Le 24 novembre 2022, la SAS [20] a déclaré à la [12] un accident du travail survenu le 23 novembre 2022 dans les circonstances suivantes :
« M. [W] conduisait une chargeuse pour rapprocher les palettes de clôture du lieu de pause. Le sol était glissant car argileux et l’engin s’est retourné sur le flanc droit.
Objet dont le contact a blessé la victime : engin et sol.
Siège des lésions : jambe droite
Nature des lésions : Contusion (hématome) ".
Le certificat médical initial établi le 24 novembre 2022 mentionne :
« Traumatisme cervical et membre inférieur droit ».
Par décision du 30 janvier 2025, la [10] ([13]) de [Localité 18]-[Localité 17] a pris en charge l’accident du 23 novembre 2022 de M. [W] [M] au titre de la législation sur les risques professionnels.
Par courrier du 15 novembre 2023, M. [W] [M] a saisi la commission médicale de recours amiable afin de contester la durée des arrêts de travail et soins prescrits à M. [W] [M].
Dans sa séance du 20 février 2024, la commission médicale de recours amiable a rejeté la contestation.
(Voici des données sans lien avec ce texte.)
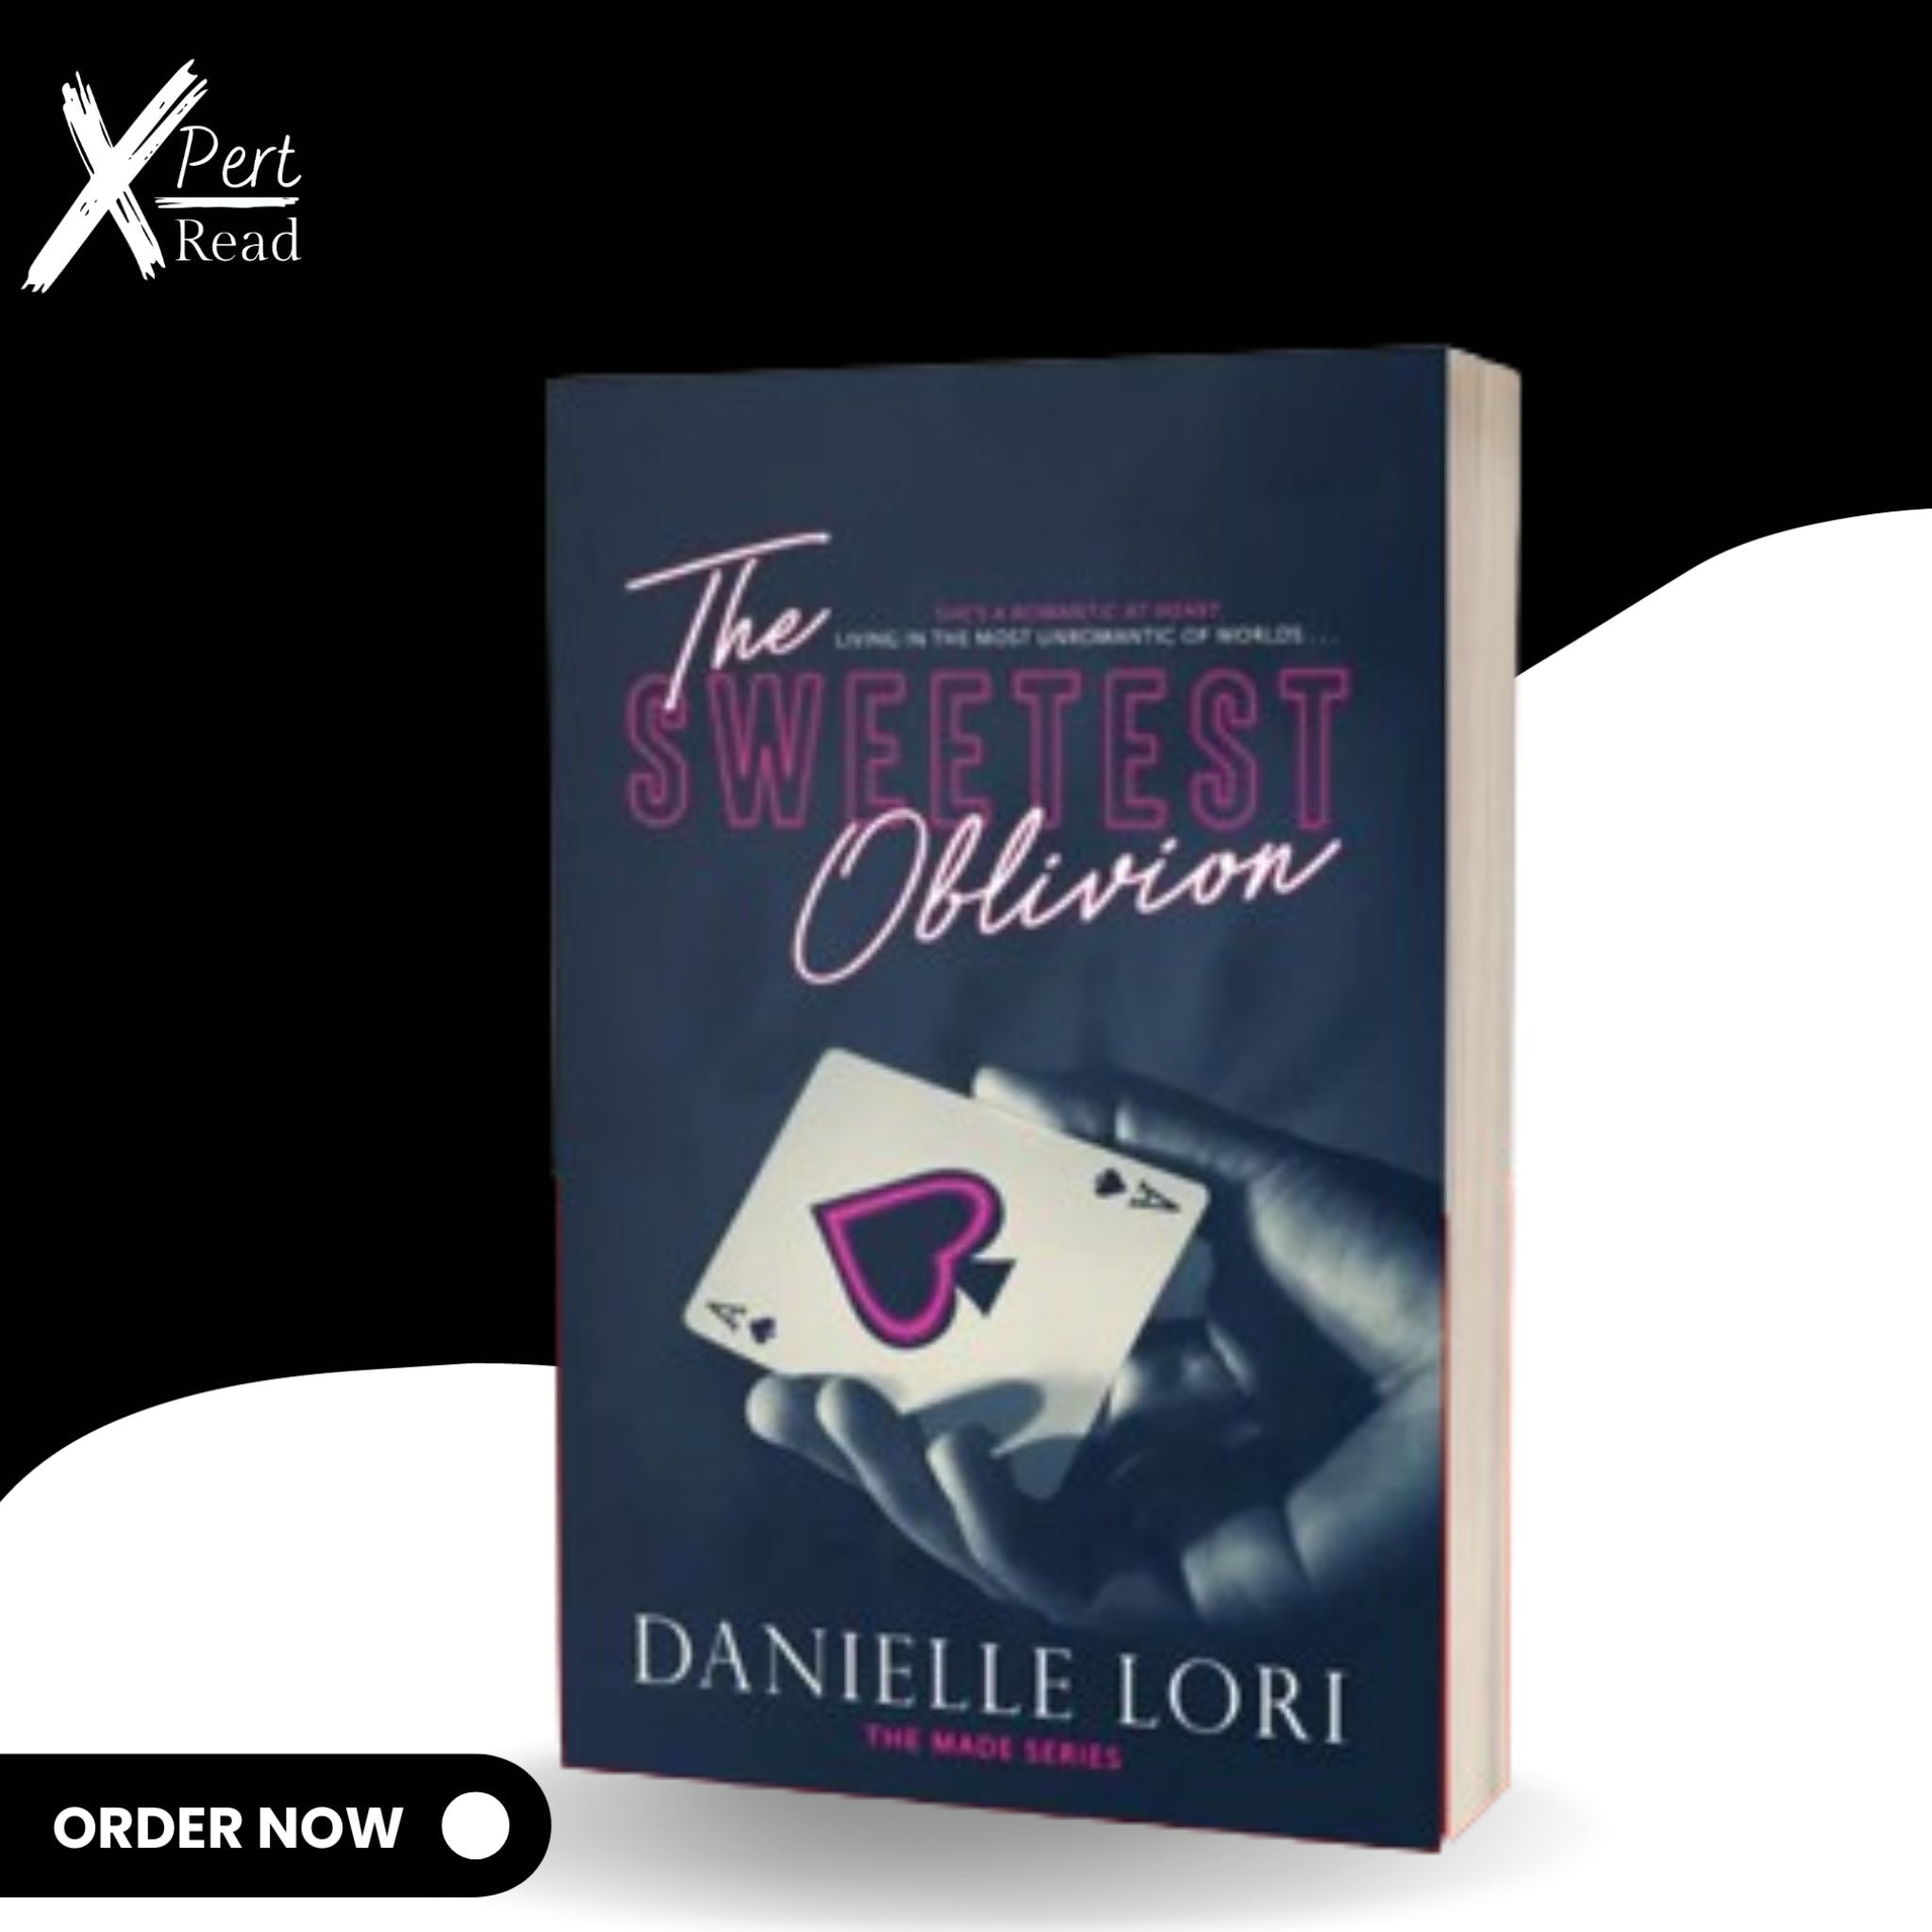 The Sweetest Oblivision (Made Series, Book 1) By Danielle Lori

Par courrier recommandé expédié le 9 avril 2024, M. [W] [M] a saisi le tribunal d’un recours à l’encontre de la décision de rejet de la commission médicale de recours amiable.
Les parties ont échangé leurs écritures dans le cadre de la mise en état du dossier.
Par ordonnance du 3 octobre 2024, la clôture de l’instruction a été ordonnée et l’affaire a été fixée à l’audience du 4 novembre 2024 date à laquelle elle a été plaidée en présence des parties dûment représentées.
* * *
* La SAS [20], par l’intermédiaire de son conseil, s’est référé à sa requête initiale à laquelle il convient de se reporter pour le détail de ses demandes, moyens et prétention soutenues oralement.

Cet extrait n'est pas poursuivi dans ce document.